Create a Hadoop distributed file system (HDFS) directory for this user (for example, /user/sparkJobSubmitter ). One of the system-generated configuration scripts assumes that this user can create HDFS directories under this directory and copy files to them. For example, the user must be able to execute commands such as:

hadoop fs -mkdir -p /user/sparkJobSubmitter
hadoop fs -chown -R sparkJobSubmitter /user/sparkJobSubmitter

Create a user named beehive on the Hadoop/Spark cluster.

Grant beehive read access to the Hadoop Spark assembly jar and topology_mappings.data files and write access to the /tmp directory (to which the installation script copies the aster-spark-extension*.jar file). The locations of the Hadoop Spark assembly jar and topology_mappings.data files can be system-specific. The configureAsterSpark script expects to access these files at these locations:

Hadoop Distribution	Spark Assembly jar Location	Topology Mappings Location
HDP	/usr/hdp/version/spark/lib/	/etc/hadoop/conf/
CDH	/var/.../spark/lib/ or /opt/.../spark/lib/	/etc/hadoop/conf/

If Aster and Spark are on different clusters, ensure that the Aster Database queen and vworker nodes can resolve the host names of your Hadoop node and vworkers. On most platforms, you do this using a form of Domain Name Server. On other platforms, one way to do this is:

On the Aster Database queen node, edit /etc/hosts, adding the IP addresses and host names of your Hadoop nodes and your Aster queen and vworker nodes.
Copy the edited file to your Hadoop nodes, using this command:
```
ncli node clonefile /etc/hosts
```

On the Aster database queen and vworker nodes, grant beehive the privilege to execute this command:

/bin/chown extensibility\:extensibility/home/beehive/config/spark/*/IDENTITYFILE

The procedure for granting this privilege depends on your platform and environment. One example is:

On the Aster queen, as user root, enter:
```
visudo -f /etc/sudoers
```
Add this line:
```
beehive ALL= NOPASSWD: /bin/chown extensibility\:extensibility/home/beehive/config/spark/*/IDENTITYFILE
```
This line lets the user beehive execute the chown command from any terminal on the queen node without specifying a password.
Search for 'Defaults requiretty' line and comment out that line:
```
# Defaults    requiretty
```
Save /etc/hosts and exit visudo.
Let vworkers transfer ownership of the id_rsa identity file from the user beehive to the user extensibility, using this command:
```
ncli node clonefile /etc/sudoers
```
This ability is important because:
- To access Spark, the Aster Database uses RunOnSpark queries, which use vworkers to submit Spark jobs.

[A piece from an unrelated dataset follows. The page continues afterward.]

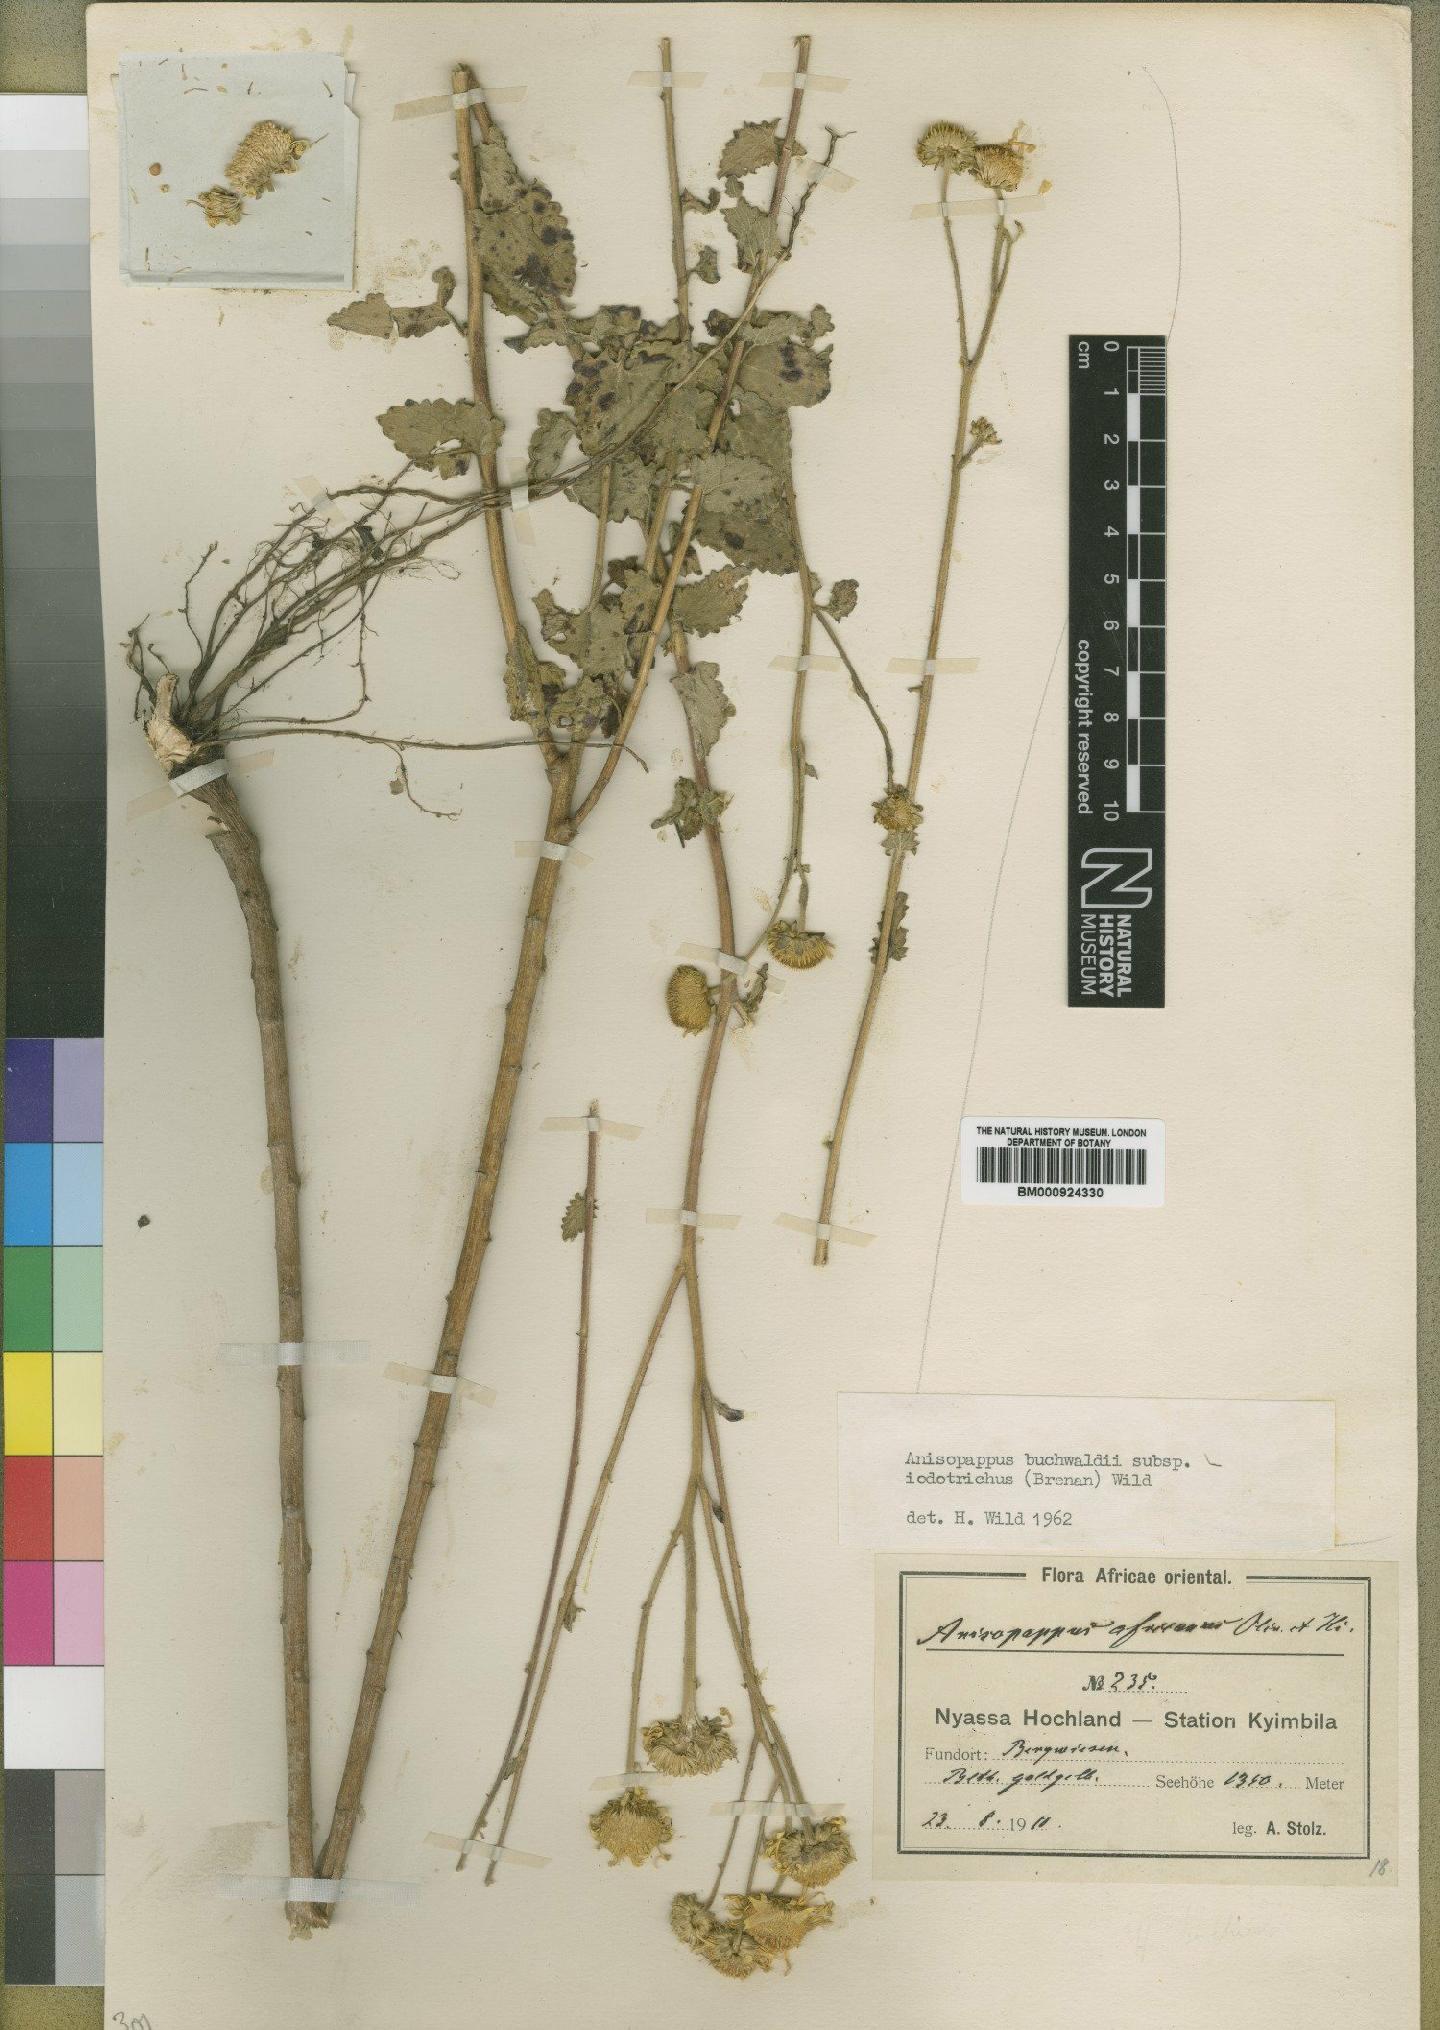 To NHMUK collection (Anisopappus buchwaldii subsp. iodotrichus (Brenan) Wild; Type; NHMUK:ecatalogue:4529358)

The vworkers submit jobs with the user ID of the user created in steps 5 and 6.
- The vworkers can submit Spark jobs with OpenSSH. On the vworker, the user extensibility executes RunOnSpark tasks, which can include submitting Spark jobs. For security, the ownership and access to any identity file must be transferred and limited to the user extensibility.
The user beehive needs the ability to execute the chown command only during Aster Spark Connector configuration. After configuration, you can revoke this privilege by logging onto the queen node as the root user, entering visudo -f /etc/sudoers, deleting the line that you added in step b, adding the line that you deleted in step c, saving the file, exiting visudo, and cloning the modified file to vworkers.